# Airfix models have gone bust



## daishi12 (Aug 31, 2006)

A sad piece of news for all British members who have made up or remember Airfix models..

Airfix crashes and burns | The Register  

I feel a major twinge of nostalgia now.. first kit I ever made up by myself was the series 1 1:72nd scale Spitfire, probably when I was about 7 years old in about 1973....I must have made a couple of hundred planes, tanks and ships over the years, the last one completed was a Tamiya 1:35th scale Alpha Romeo GTV for my father-in-laws Christmas present.

Think I'll have to check round the shops for a couple of Airfix kits to keep the memory alive. (that and a couple of pints should keep me happy for a little while  )


----------



## FLYBOYJ (Aug 31, 2006)




----------



## cheddar cheese (Aug 31, 2006)

In that case I think ill hold on to some of the unmade Airfix kits I have...


----------



## evangilder (Aug 31, 2006)

Damn shame.


----------



## Erich (Aug 31, 2006)

well that's the scuttlebutt of sorts. do not be surprised that there maybe a merger going on behind the scenes to revive what is left of the famous plastik firm. Humbrol paints as well has had some serious deficit probs and maybe under the same type of scrutiny ....... hmmmmmmmmm like car manufacteurs


----------



## Matt308 (Aug 31, 2006)

Too bad.

I still have a few left and should go dig them up just to see what I have. By recollection, I have the old Lancaster Dam Buster, Cessna Skymaster? FAC (dual pusher and puller props), and some others that I can't recall off the top of my head.

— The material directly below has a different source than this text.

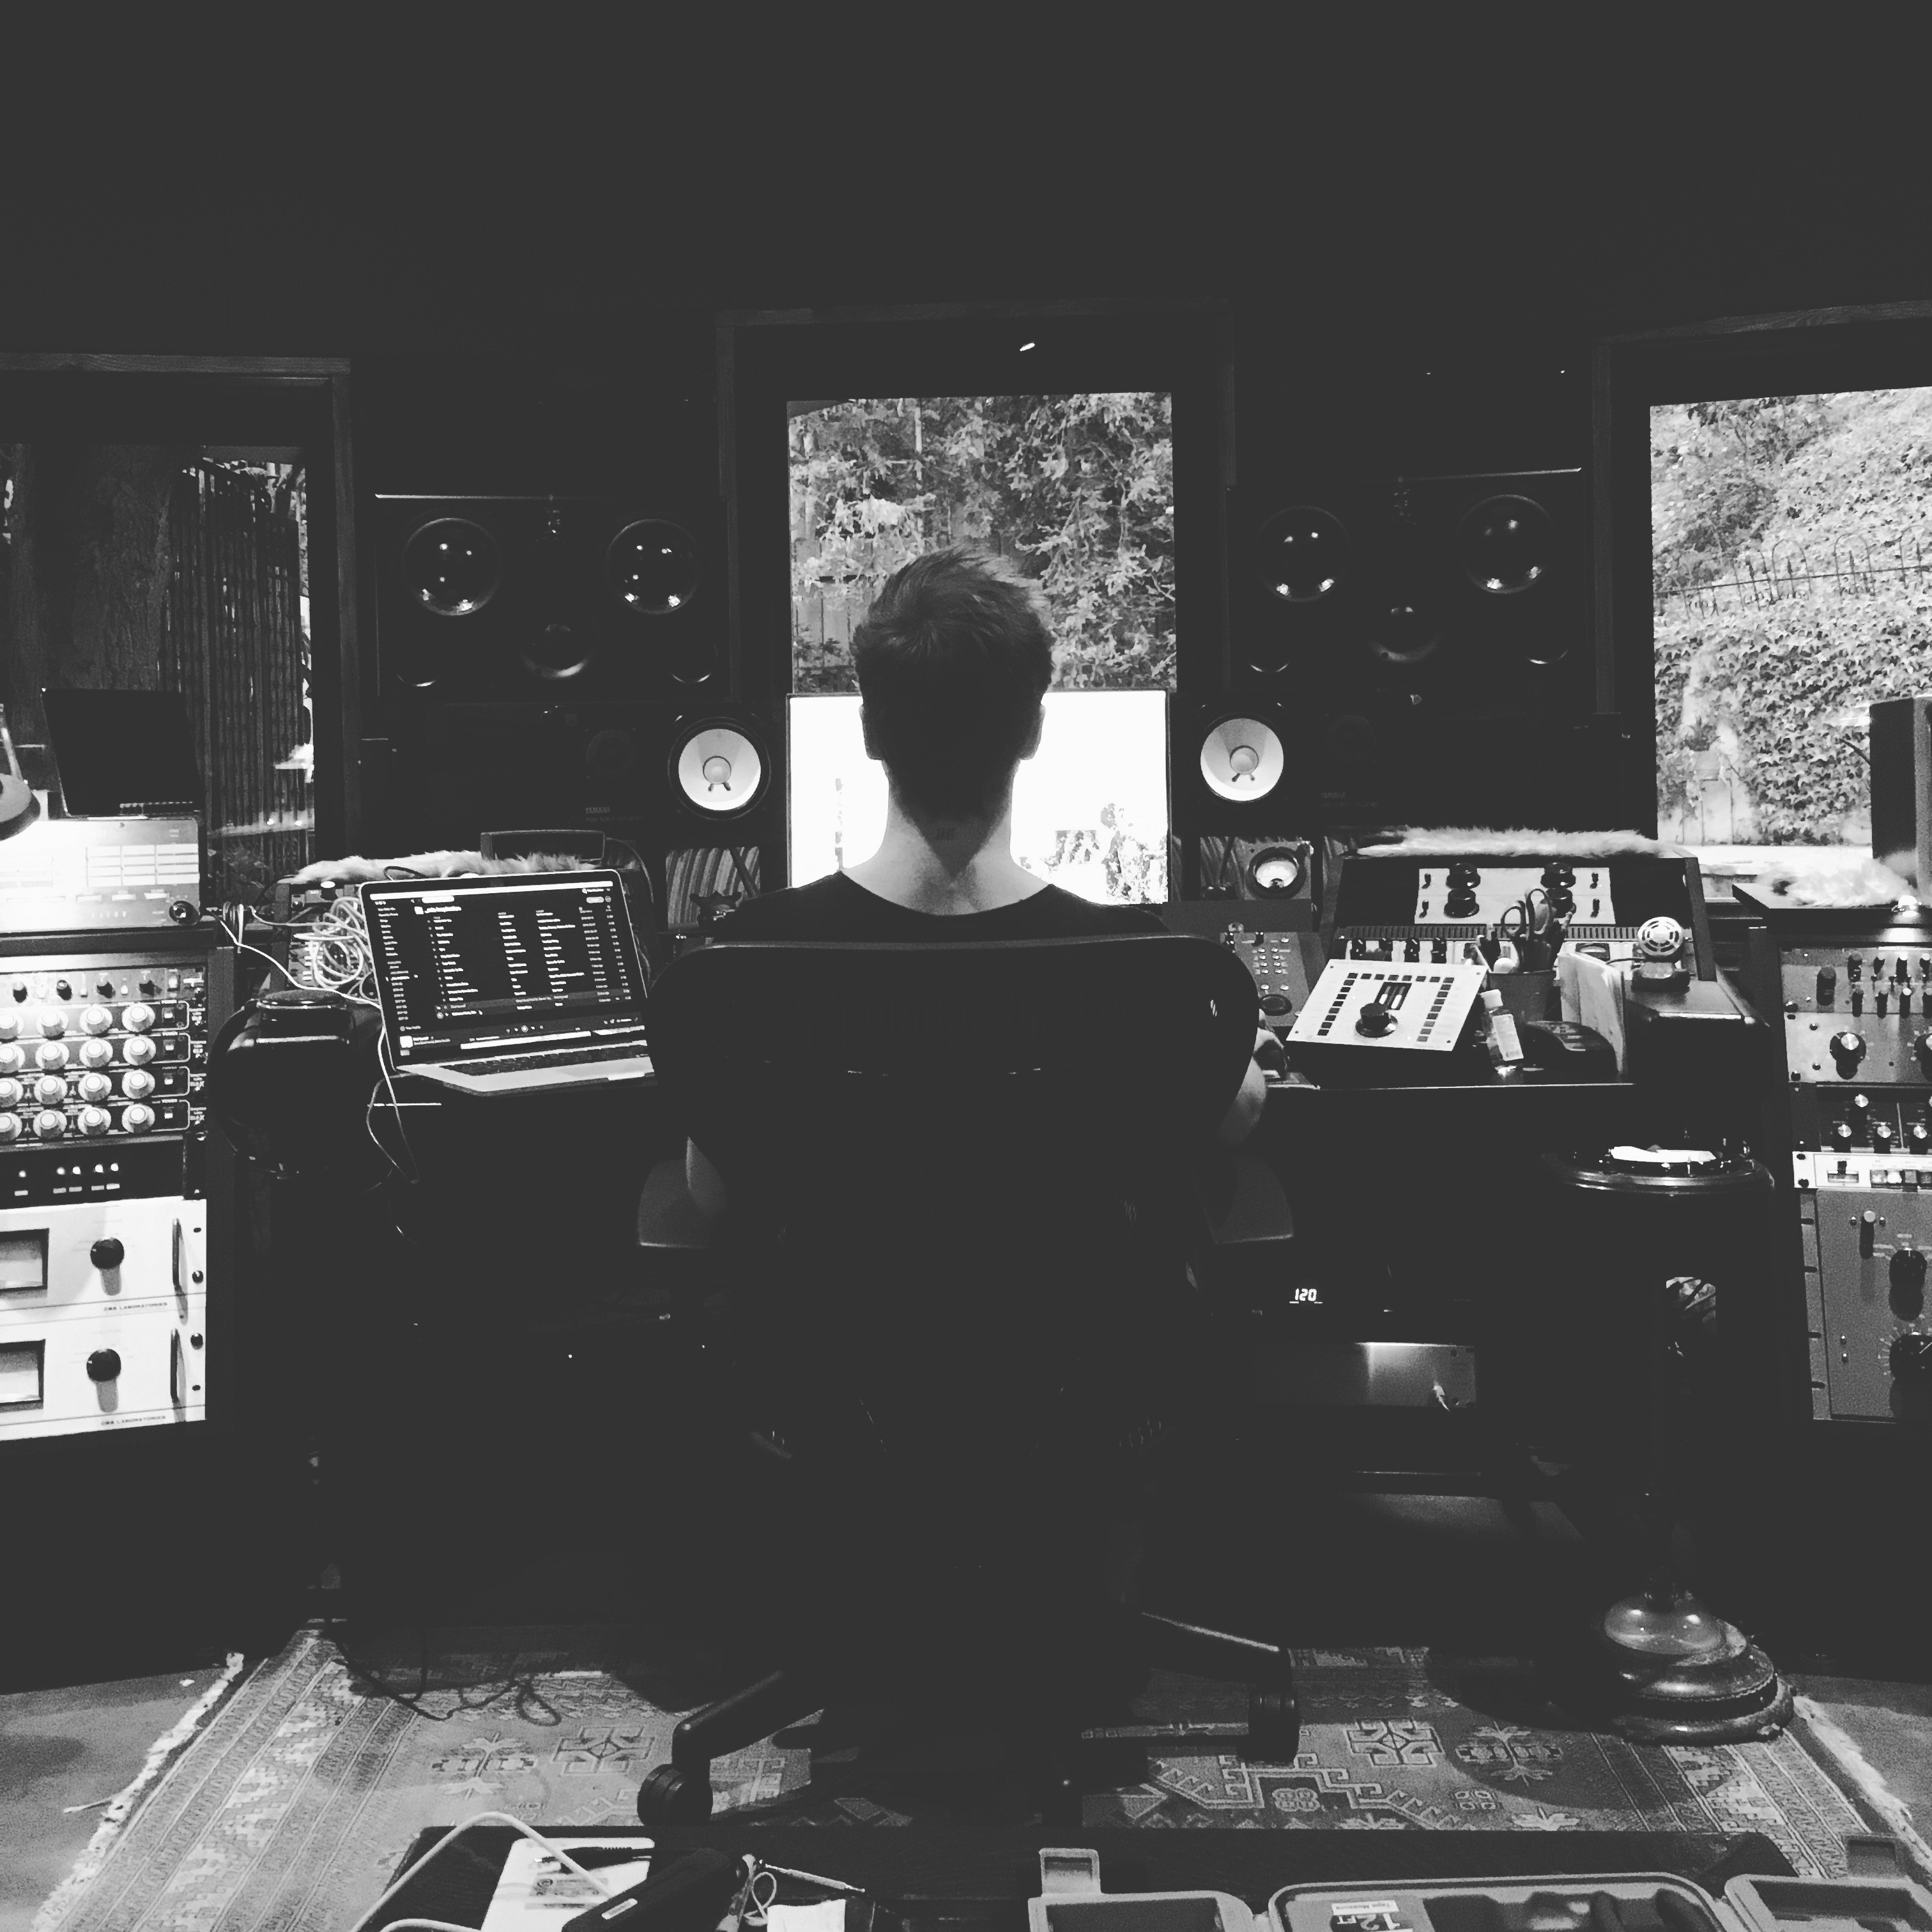 Ross Newbauer, Mix Engineer from Los Angeles, CA.

While not the best models, they were certainly the right price at the time for a poor lad making minimum wage slinging pizzas.


----------



## k9kiwi (Aug 31, 2006)

Here is the full news

Airfix News No.1


----------



## loomaluftwaffe (Sep 1, 2006)

well, i have never really seen a real life airfix kit
it is rare in this country


----------



## Twitch (Sep 1, 2006)

In the 50s and 60s they sold the 1/72nd kits in the US packaged in plastic bags with cardboard top closures with holes for peg displays. They were rock bottom priced and had quite a variety of planes.


----------



## pbfoot (Sep 1, 2006)

Twitch said:


> In the 50s and 60s they sold the 1/72nd kits in the US packaged in plastic bags with cardboard top closures with holes for peg displays. They were rock bottom priced and had quite a variety of planes.

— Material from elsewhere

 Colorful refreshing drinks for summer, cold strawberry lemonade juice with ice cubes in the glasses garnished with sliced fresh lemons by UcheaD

 Remember that distinctly as a little kid my first kit came in the bag 1/72 for about $.79 but that was big money for me it was a Gladiator and ever since then I've had a fear of struts in kits


----------



## oldmadbadger (Sep 1, 2006)

no really, i almost did ...

i made my first airfix model when i was 6 years old, 43 years ago, and it helped me through the "difficult years" which is why i saw no females until i was 15 years old ... living in a Siberian labour camp was no picnic, let me tell you, if it wasn't for my dambusters Lanc model I may have turned the other way and joined the navy ...

badger


----------



## the lancaster kicks ass (Sep 2, 2006)

> if it wasn't for my dambusters Lanc model I may have turned the other way and joined the navy ...

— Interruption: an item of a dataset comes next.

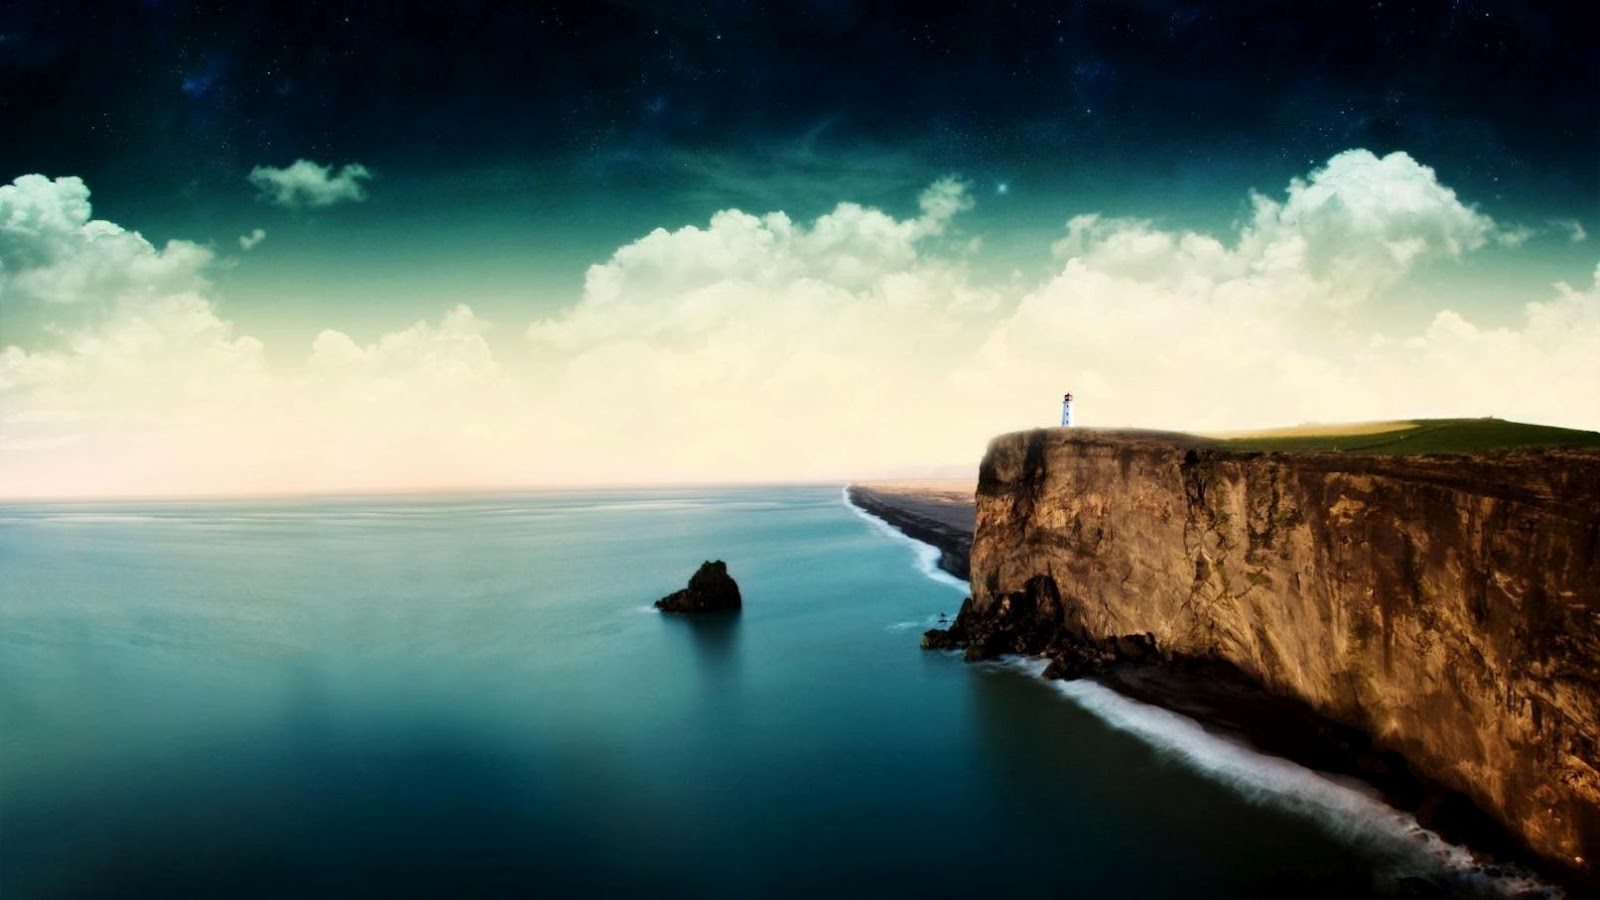 Landscape Ocean Cliff HD Wallpaper Is A Great For Your

but yes that is a shame, best stock up on the lancs now!


----------



## Twitch (Sep 5, 2006)

My 1st Airfix kit was a Bf 109G!!


----------



## syscom3 (Sep 5, 2006)

Anyone here remember the old Revell and Monogram models before they merged?

And the Aurora model's?


----------



## pbfoot (Sep 5, 2006)

syscom3 said:


> Anyone here remember the old Revell and Monogram models before they merged?
> 
> And the Aurora model's?


revell and aurora and hawk were scrap but Monogram were always on top til the Japanese started playing in north America


----------



## loomaluftwaffe (Sep 6, 2006)

yup, and the Japanese are still alive and kickin, good thing i live near Japan, China and Korea hehehe


----------



## Bf109_g (Oct 15, 2006)




----------



## ndicki (Oct 15, 2006)

I'm not surprised, though - the investment they made, over recent years, has been minimal; one kit a year? Not much more than that. And continuing to churn out models which were iffy 30 years ago when I wor a lad, at the same price as the beautifully made, nicely engraved Revell or Italeri ones that have come out recently, well, they're joking. Sooner or later this was going to happen. 

Pity, though, because I always feel a twinge of nostalgia when I see the same boxart 30 years on, when I go to my local model-shop. But modelling is not about nostalgia.


----------



## Clave (Oct 16, 2006)

It's the end of an era


----------